What the Paris agreement means for business

The Paris agreement commits to capping global temperature rise and achieving net-zero emissions by the end of the century, among other things. Government and private sector experts analyse what this means for business.

After two decades of tough negotiations, governments across the world on 12 December signed a historic global climate change treaty, potentially signaling the end of the fossil fuel era.

The Paris Agreement, as it is called, has sent the business community a clear signal and provided the long-term political certainty required to unlock   trillions of dollars in low-carbon investments, said business leaders on Saturday.

Under the treaty, countries will stop adding greenhouse gas emissions to the atmosphere before the end of century, review their emission reduction targets every five years, and raise funding of at least US$100 billion a year - called the Green Climate Fund - to help developing countries cope with climate change.

Singapore’s Foreign Minister Vivian Balakrishan said in Paris - hours after the text was formally adopted by the United Nations - that many businesses want to “do the right thing”, but they were “hoping for a clear signal at a multi-lateral level” that their investments in doing so would pay off.

This text - with its global, legally-binding agreement and a transparent method of tracking promises made by countries - provides the assurance that the political will is real, and will be consistently applied across the globe, he said.  

Edward Cameron, managing director of partnership and research at non-profit Business for Social Responsibility said companies now have the confidence that governments will support low-carbon projects well into the future.

The agreement has effectively created a whole new market for solutions such as renewable power, energy efficiency, sustainable agriculture and land use management solutions, among others, Cameron added.

These national plans, known as Intended Nationally Determined Contributions (INDCs), will help “unlock the trillions” in private sector financing for sustainable development, he noted.

Even though the agreement did not explicitly include a carbon price, Cameron said that many jurisdictions, including China, have already begun to implement carbon markets, which will effectively tax pollution. 

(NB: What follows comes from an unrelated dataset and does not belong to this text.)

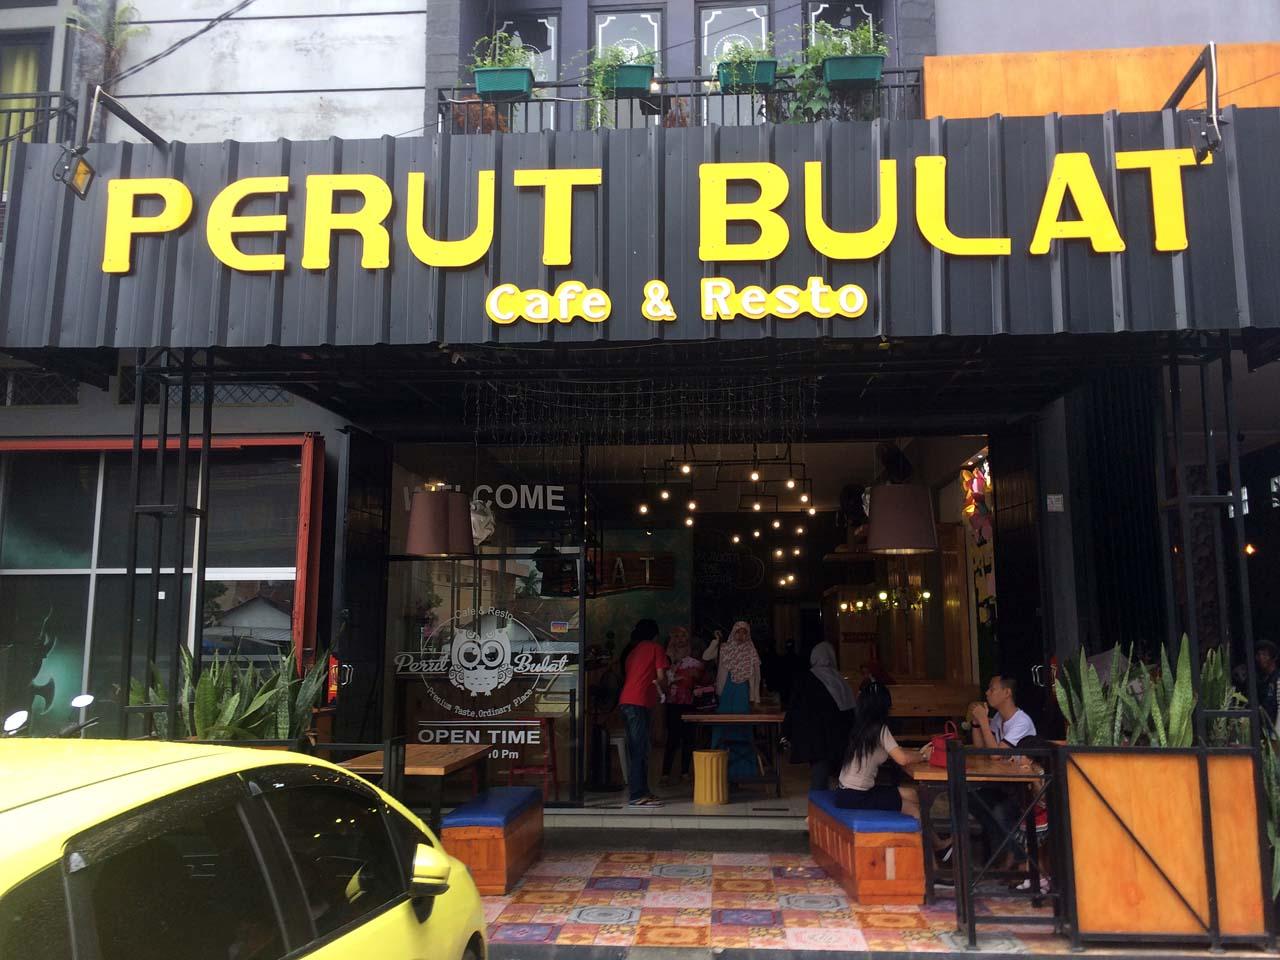 5 - iphone 52 - Perut Bulat Cafe & Resto - Yopie Pangkey

Paul Polman, chief executive officer of consumer goods giant Unilever, said in a statement just after news broke of the successful adoption of the Paris Agreement: “The consequences of this agreement will be felt in banks, stock exchanges, board rooms and research centres as the world absorbs the fact that we are embarking on an unprecedented project to de-carbonise the global economy.”

Across the world, the agreement shows that the age of high carbon is ending and a low-carbon era is emerging.

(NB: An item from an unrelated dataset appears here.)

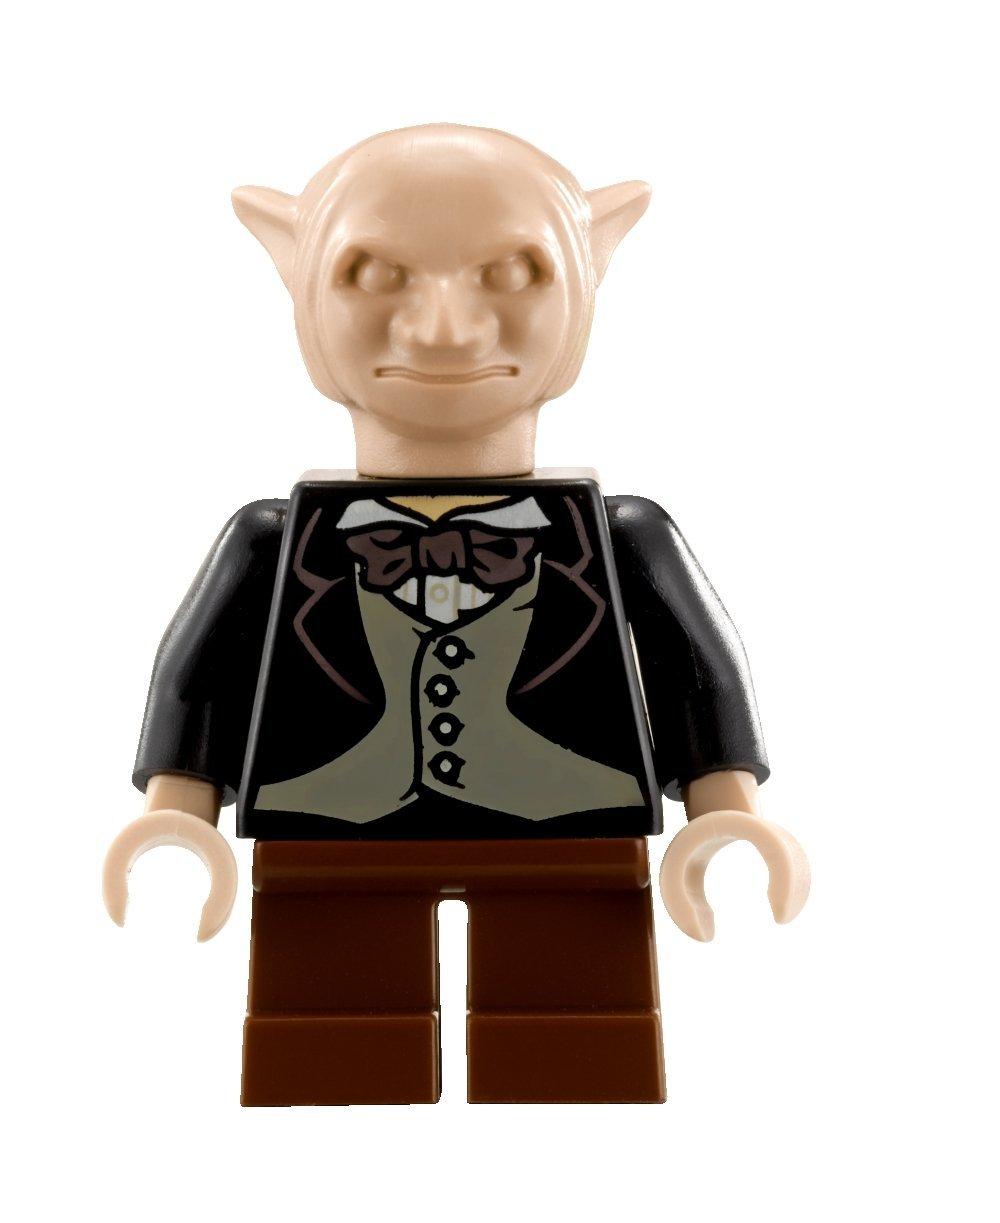 Kobold, Minifigur LEGO-Set Winkelgasse 10217 Harry Potter

Edward Cameron, managing director of partnership and research, Business for Social Responsibility

In Asia, particularly, the agreement will have significant impact, said Sandrine Dixson-Decleve, director of the Cambridge Institute for Sustainability Leadership’s European Union Office.

This is because the rapidly-developing region is ripe for the mass adoption of low-carbon technologies and is well-positioned to take advantage of the Green Climate Fund promised to help developing countries tackle climate change.

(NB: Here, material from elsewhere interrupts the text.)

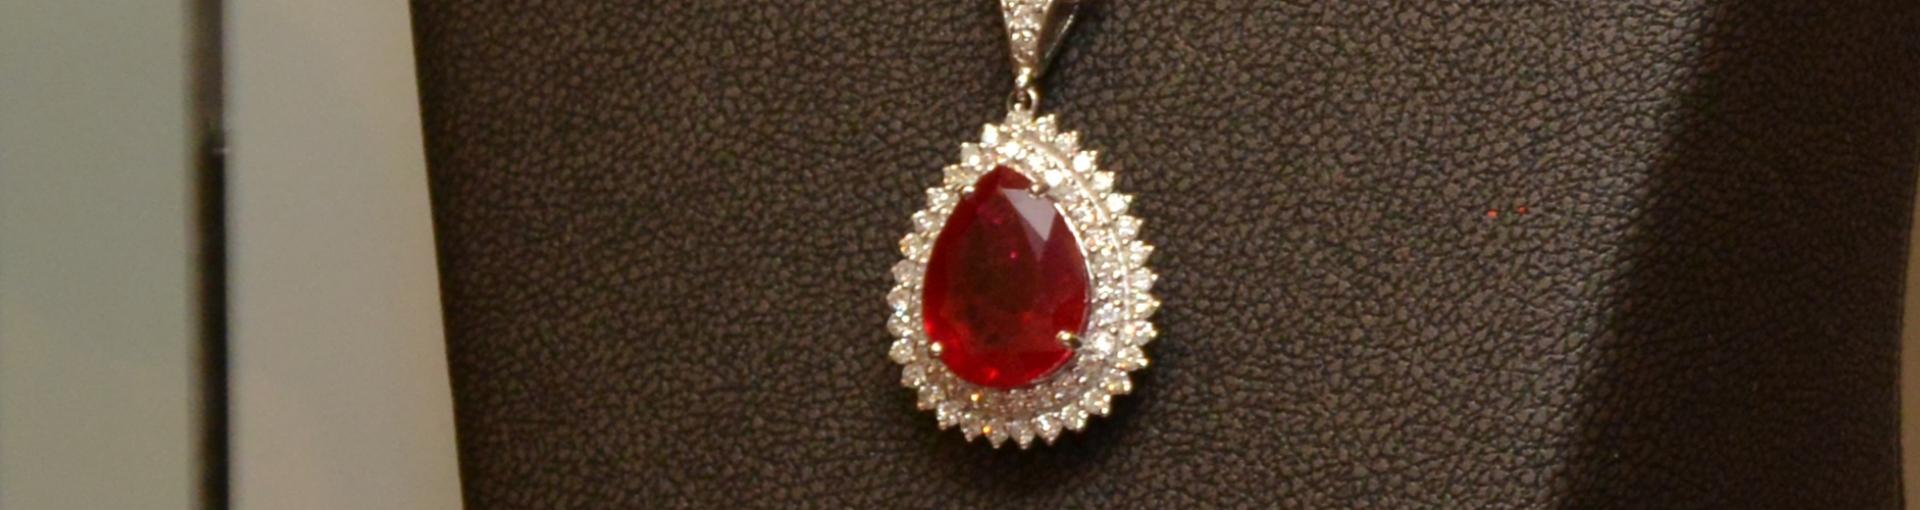 diana bijoux

“China is already racing ahead in clean technology investments”, she noted.

BSR’s Cameron acknowledged that the region will face challenges to implement their pledges, as “many companies still struggle with corruption, a lack of electricity grid infrastructure to support the scaling up of renewables, and other local challenges.”

But this is why business must work with governments to unlock challenges and barriers, he added.

More importantly, the universal nature of the Paris Agreement sends a strong message to multinational corporations that no matter which country they operate in, the government will enforce laws on emissions reductions.

“Now, you can’t threaten to leave one country for another that has more lax regulations,” he added.

He said MNCs now have an added impetus to finance green infrastructure and support local efforts to build knowledge and capacity on sustainable business.

“Across the world, the agreement shows that the age of high carbon is ending and a low-carbon era is emerging”, he said.

Lise Kingo, executive director of the UN Global Compact - the UN initiative for sustainable and responsible business - added that “the Paris Agreement sends the right market signals which will provide predictability, unlock capital, drive innovation and reward responsible business.”

“It is no longer a question of if we transition to a low carbon economy. Rather, it is a question of how,” she added.